Thursday, 16 April 2009

Three Days of Rain

I actually went to see England People Very Nice last night, but I'm still digesting it, so in the meantime I thought I'd tell you about Three Days of Rain instead.

This was another play seen on a bit of a whim, and another result for bargain theatre-going, with a balcony ticket bought a day earlier, converted into a circle ticket on the night.

The play is sold as jigsaw puzzle theatre, the audience being required to provide the thought (and presumably the nice padded tray) to put the pieces together. The question then becomes whether this is going to be an impossible 5,000 piecer or one designed for toddlers and clumsy fingers. Actually, although it wasn't anywhere near as tricksy as it thought it was, it was just about complicated enough to feel a mild sense of achievement at working it out.

The play starts with James McAvoy's first character addressing the audience directly in a broad american accent that threw me a bit at the start, but was soon assimilated into everything else going on. The basic structure is that the first half shows three people dealing with the aftermath of their parents' lives, and their attempts to interpret them, whilst the second half shows what actually happened. The dual roles where each actor played both the parent and child was very effective. The main revelation of the second half was easily guessed at, but there were plenty of other little lightbulb moments to keep me interested, and a very satisfying 'Ahhh... so that's it..' moment at the end which caused a little murmered ripple through the audience.

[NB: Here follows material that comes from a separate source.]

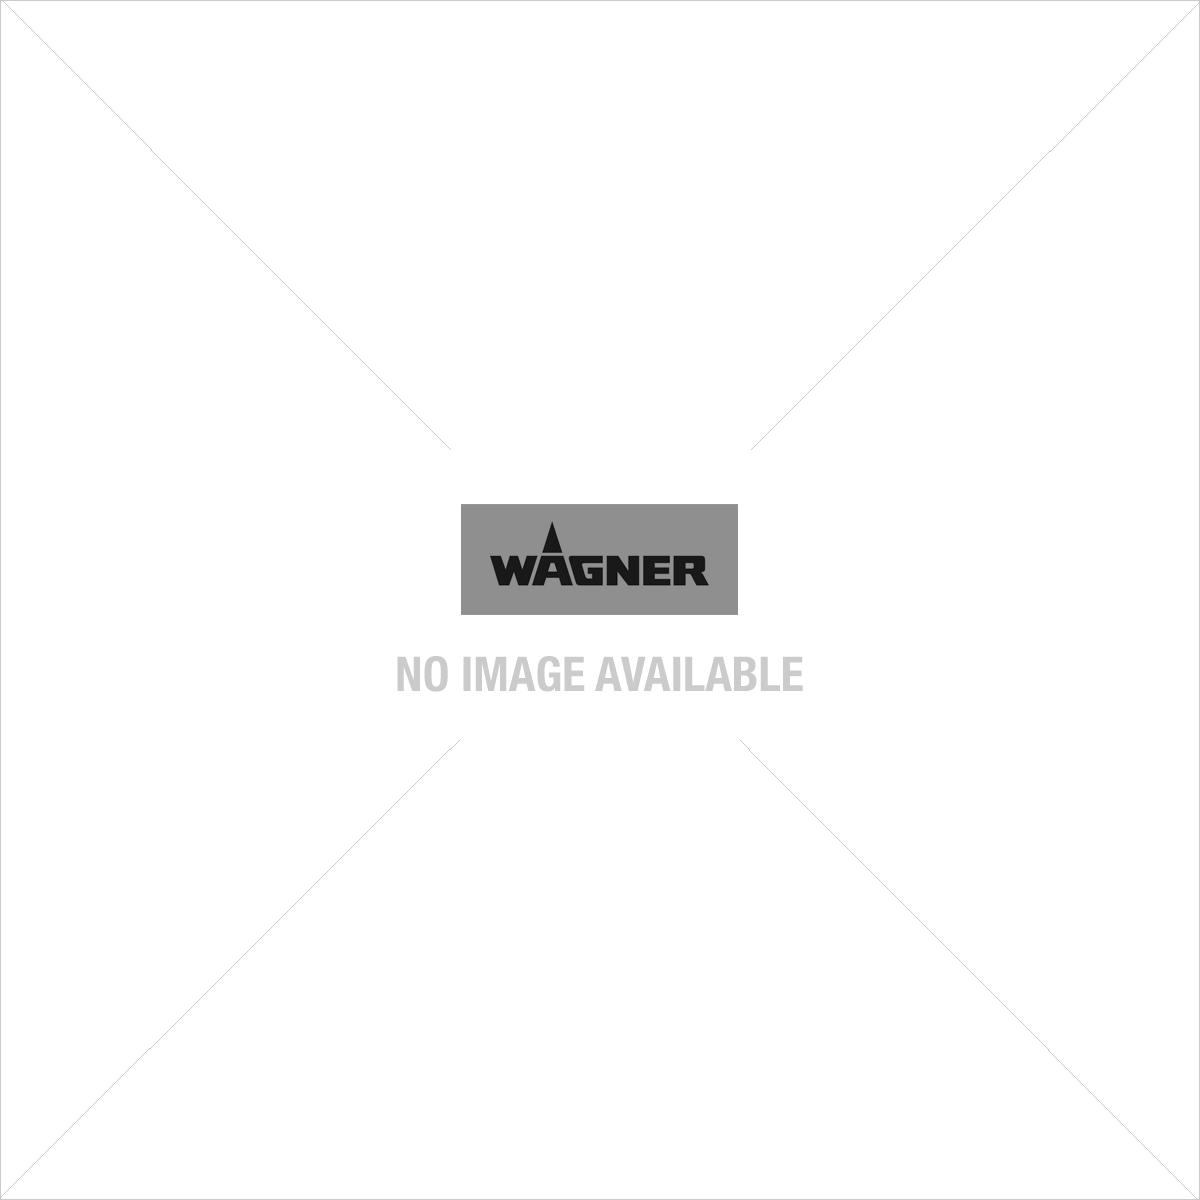 wagner universal sprayer w 690 pistolet peinture basse. Black Bedroom Furniture Sets. Home Design Ideas
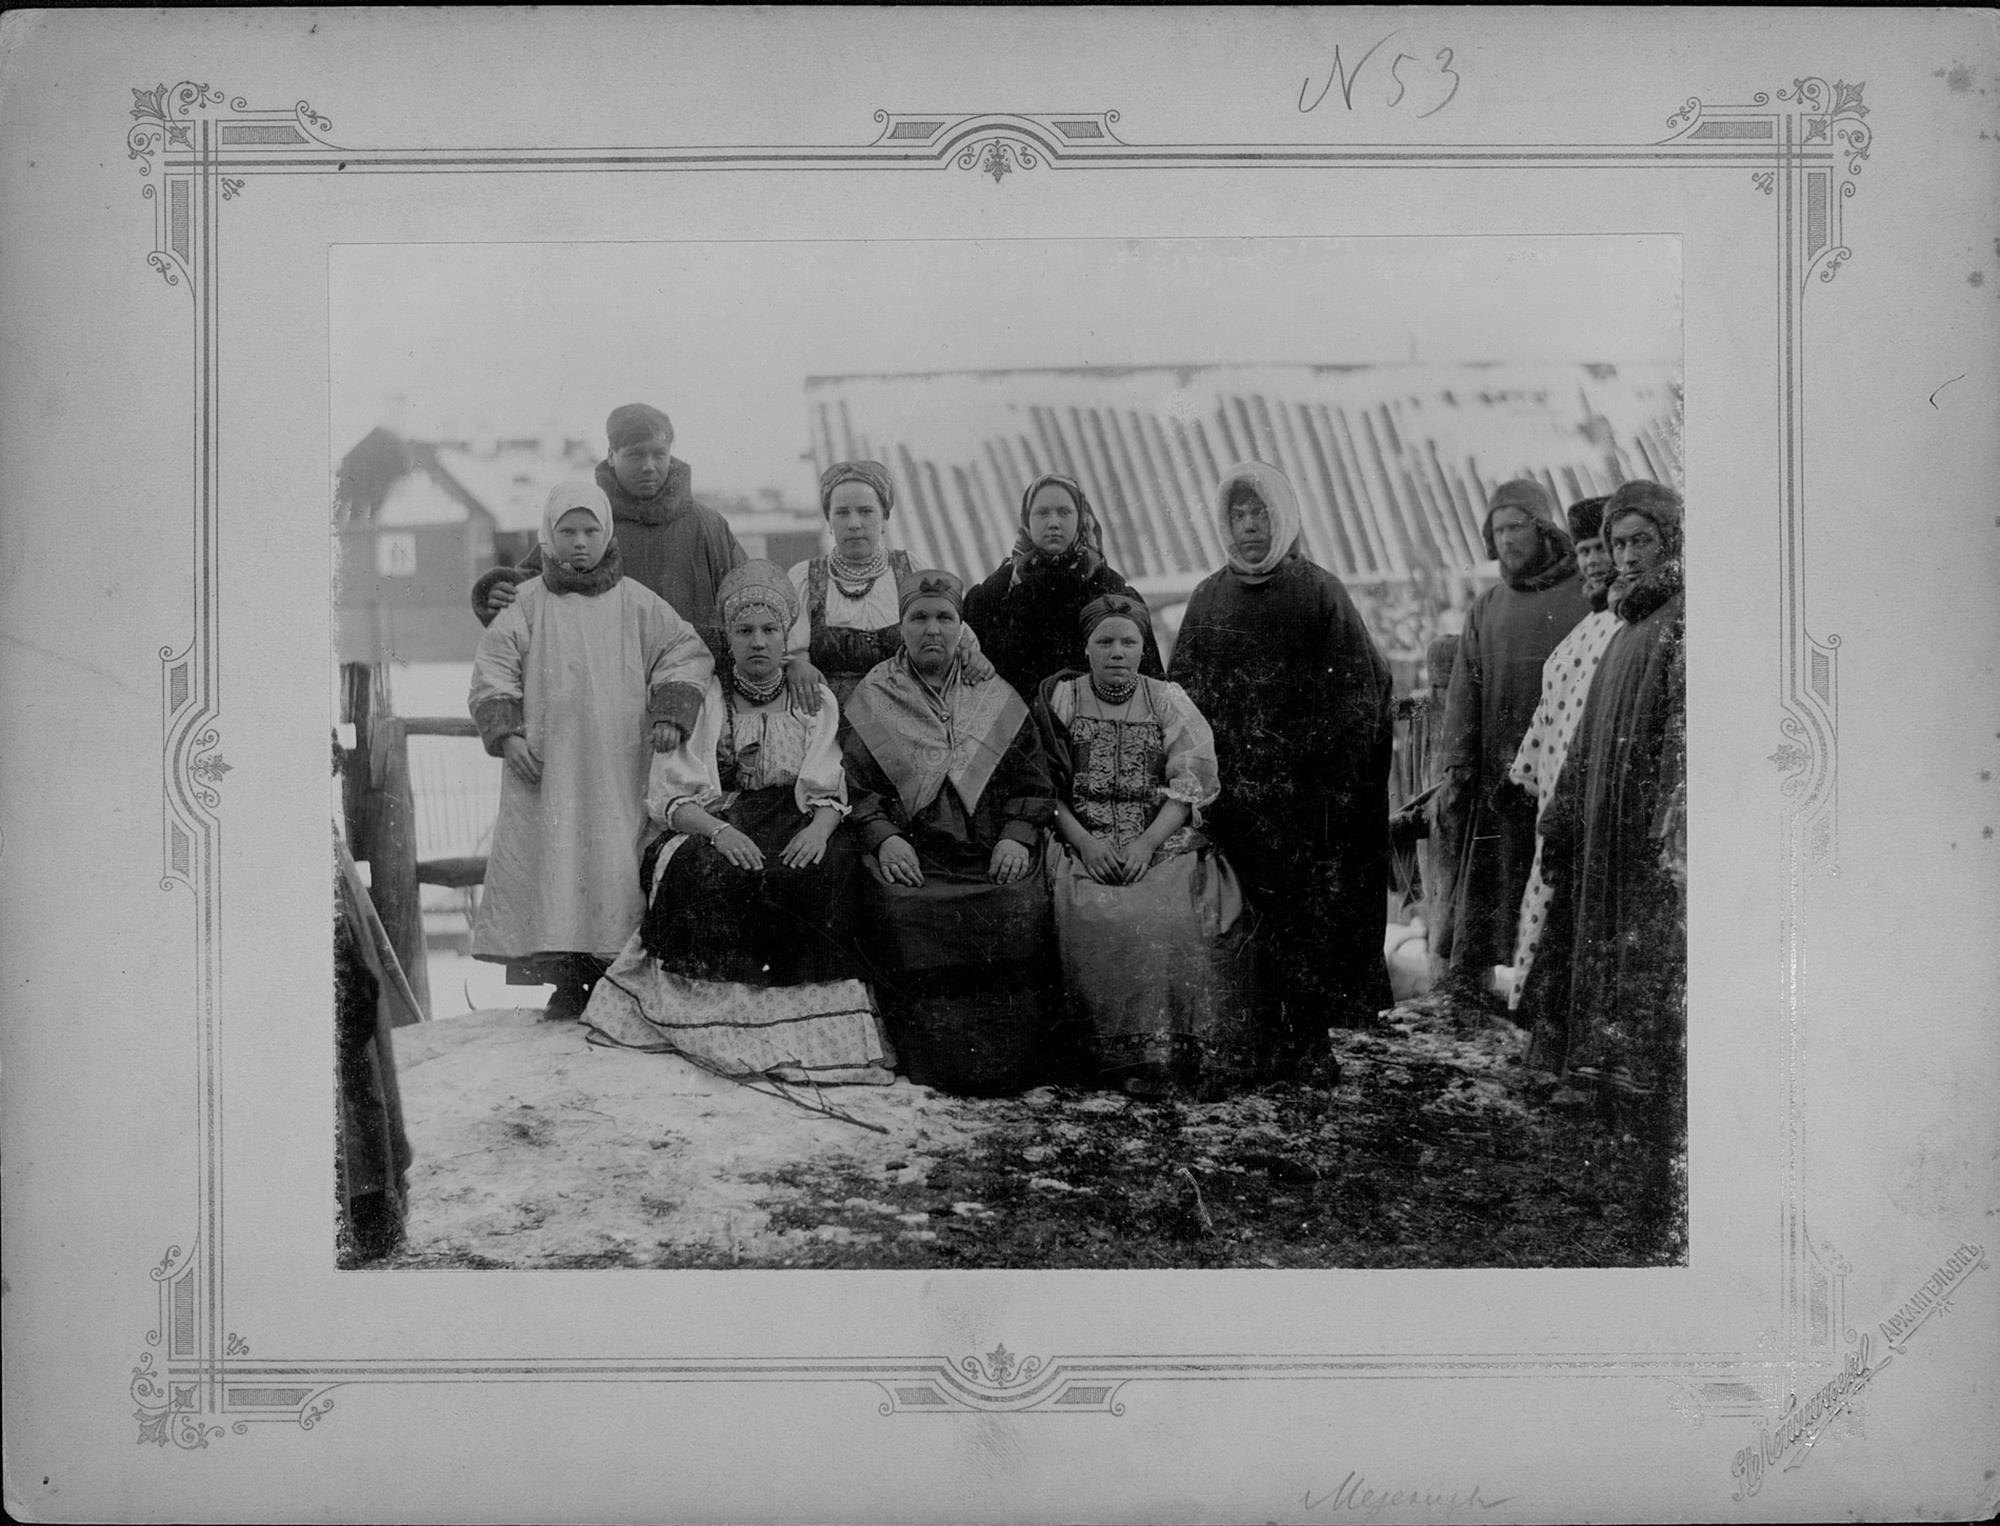 053. Мезенские крестьяне

I loved the staging, particularly the curtains of rain, although I kept getting distracted by the puddles, and I thoroughly enjoyed the unpredictibility of some of the props - does the fruit roll about every night I wonder?

A family drama with enough unresolved points to keep me mulling them over for a day or so, and worth seeing for all sorts of reasons despite the critics, but James McAvoy's stammer is worth the price of the ticket by itself.